We Went Through Hell For Kennedy II

We Went Through Hell For Kennedy II October 6, 2018

The other day, I was FaceBook PM’ing back and forth with a very good friend of mine about all this. We compared theories and hot takes. We told each other exactly what we thought, the way very good friends do. We didn’t agree or disagree 100%. At the end of the day, I signed off: “I am so ready for this to be over.” She messaged me back: “You and me both.”

According to my social media feeds, I should be overcome with hysteria or euphoria right now, depending on which letter is on my voter ID. Believe it or not, there is a reaction icon for the confirmation of Brett Kavanaugh that falls somewhere in between “screaming gutturally” (really) and doing the cha-cha. I’m having trouble coming up with a pithy way to describe it though. How do you describe that dull, flat feeling you get when you’re supposed to feel something, but you don’t?

Perhaps the simplest way to express it is that I’m tired. I’m almost too tired to write this post. I’d rather be sleeping than blogging right now, about anything, but especially about this. But in this moment, there are just a few things that need to be said. Things that other outlets, including outlets I have written for, probably won’t say (they’re currently doing the cha-cha). Things that some people who read this post will not understand. But some of you will. This is for you.

Let me get this out of the way first: This is not about what Brett Kavanaugh may or may not have done to Christine Blasey Ford in high school. My own thoughts on the matter would probably annoy almost everybody, so I’m not going to write a hot take for the sole purpose of annoying almost everybody. I leave that to others.

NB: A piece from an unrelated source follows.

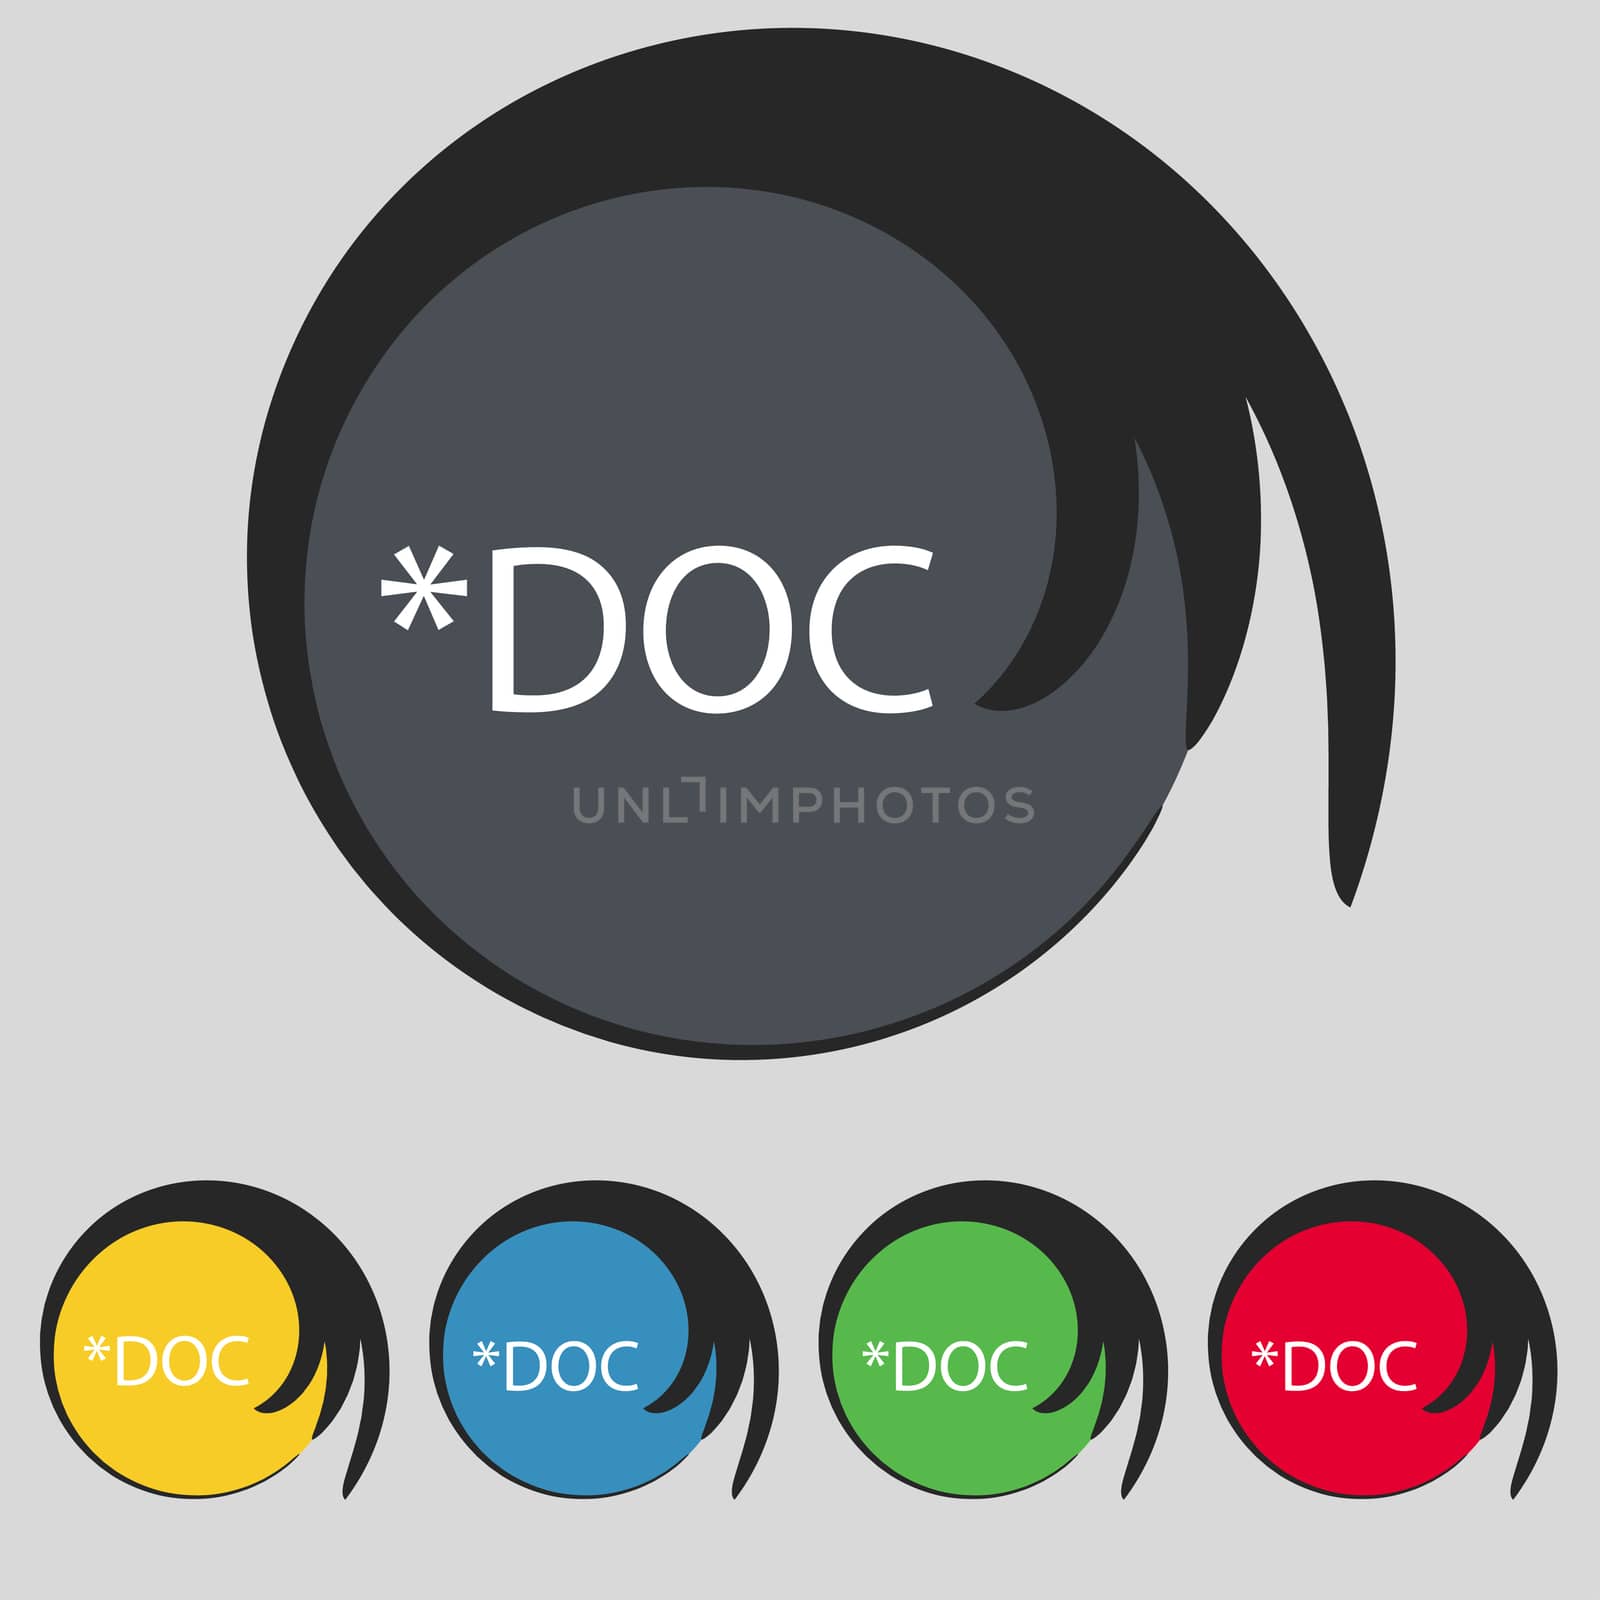 File document icon. Download doc button. Doc file extension symbol. Set of colored buttons.  by serhii_lohvyniuk

The one thing I can un-controversially say is that this entire process has been a circus of the most ghastly, bitter partisan variety. Slightly more controversially, I refuse to say “A pox on both your houses!” and pretend that the most ghastly behavior hasn’t come consistently from Democrats. Many of us watched Susan Collins’s blistering take-down of whoever first leaked Blasey Ford’s letter to Feinstein. It was epic, and I have nothing to add. Susan Collins is right. So was Lindsey Graham (who knew?)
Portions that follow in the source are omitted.